The fact that BB did not perform audit in relation to the legitimacy of the instant disposition constitutes a major fact. The fact that BB took an attitude of BB in a claim for direct prohibition of retirement against the period in which BB worked as a director and auditor constitutes an indirect fact that can prove the existence of the above major fact. In regard to an indirect fact, the court may freely recognize such indirect fact by evidence submitted, regardless of whether the principal state exists (see Supreme Court Decision 278, Apr. 20, 1971).

In light of the above legal principles, the health team, and AA actively asserted the fact that BB had not been in office as an auditor during the period in which BB claimed that B had worked as an auditor in the lawsuit for the payment of retirement allowances. Proof, even though it appears that BB could effectively defend BB’s claim, only asserted that BB had not been in office as an auditor.
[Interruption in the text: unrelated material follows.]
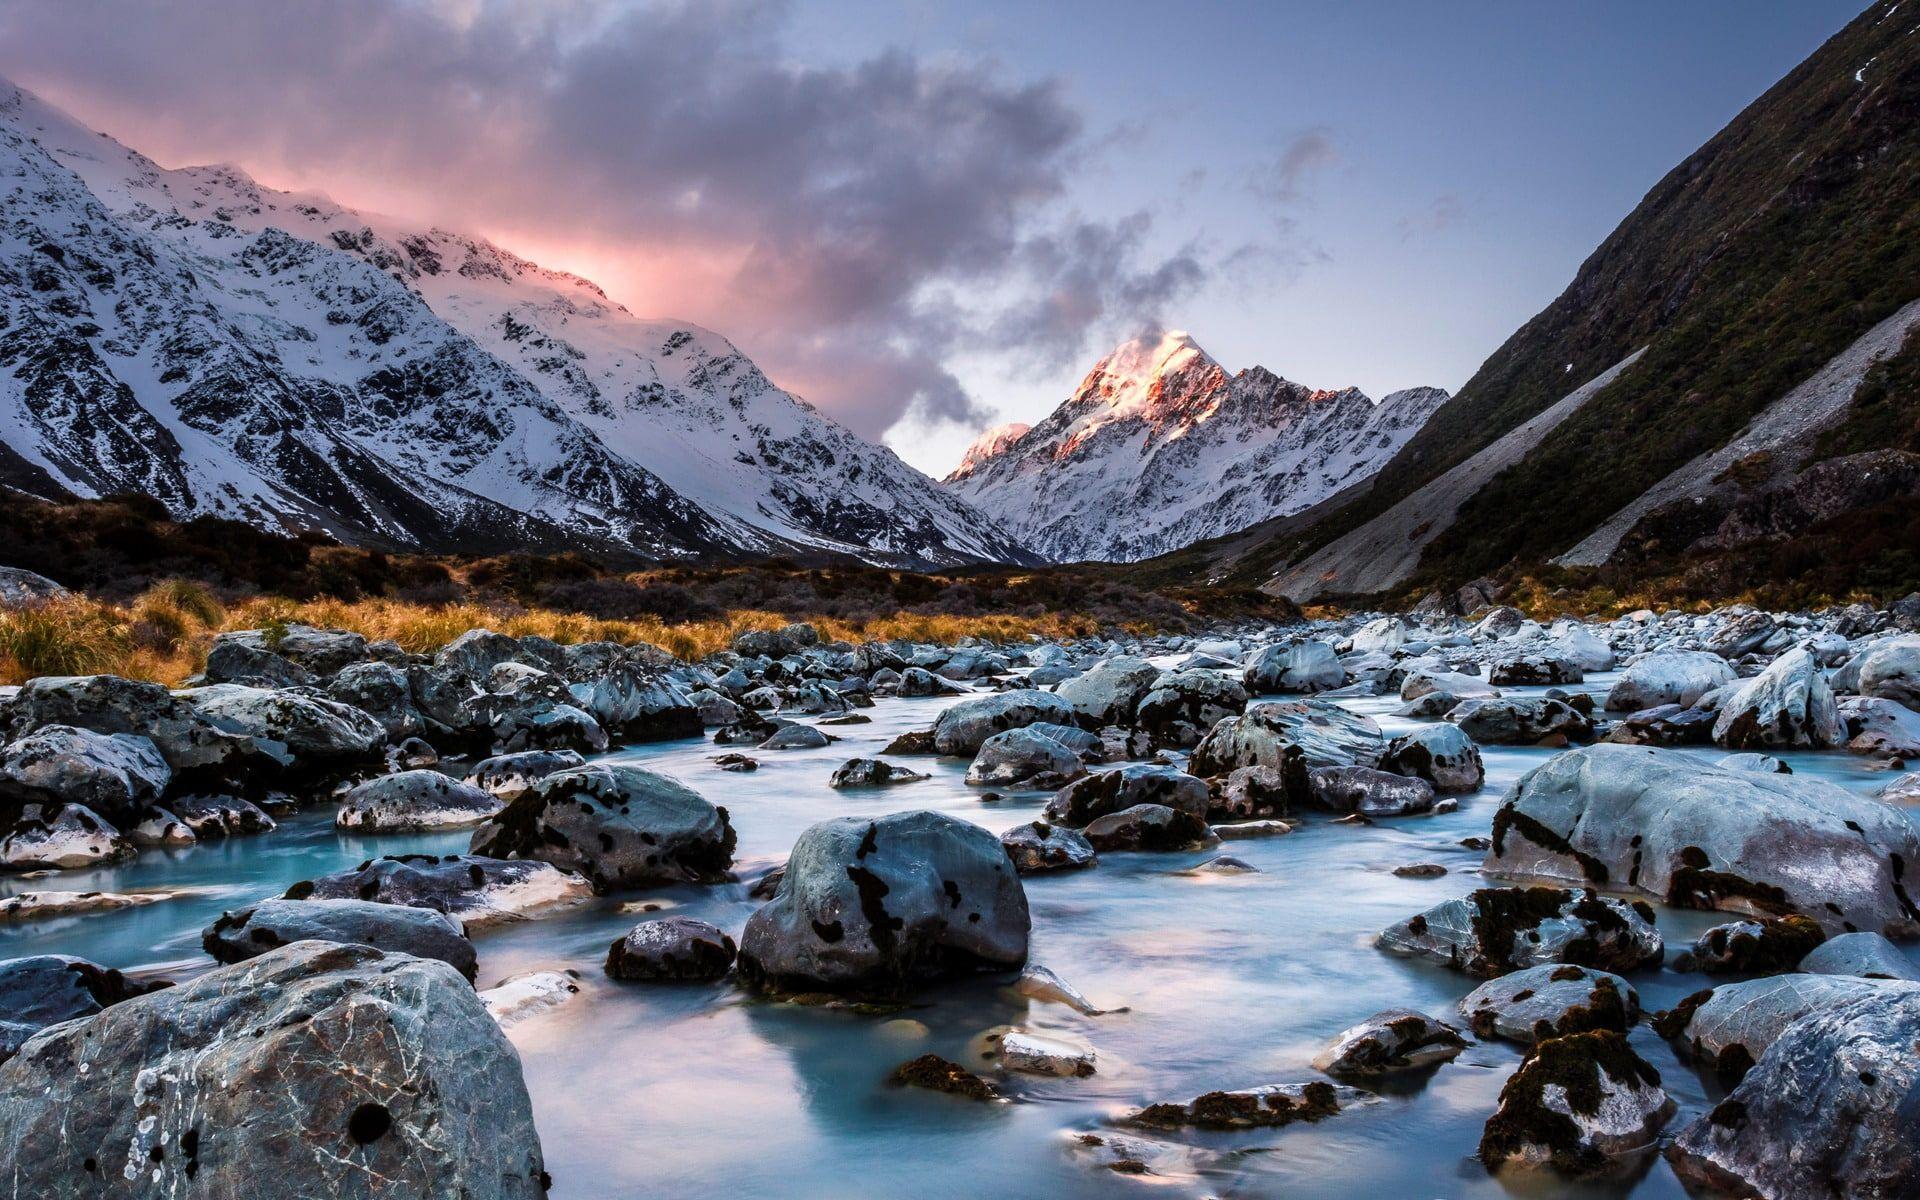 New Zealand South Island Travel Scenery Wallpaper 1080p Wallpaper Hdwallpaper Desktop Island Travel New Zealand South Island South Island

This may constitute an important indirect fact regarding the amount of retirement allowances without any assertion that BB had not served as an auditor. This may be a significant fact that BB could be viewed as a literature at the time of performing audit. Accordingly, the above indirect fact can be employed as one of the grounds for rejecting the Defendant’s assertion.

Therefore, this part of the defendant's assertion is without merit.

4. Conclusion

If so, the plaintiff's claim should be accepted due to the reasons, and the judgment of the court of first instance is just, and the defendant's appeal is dismissed. It is so decided as per Disposition.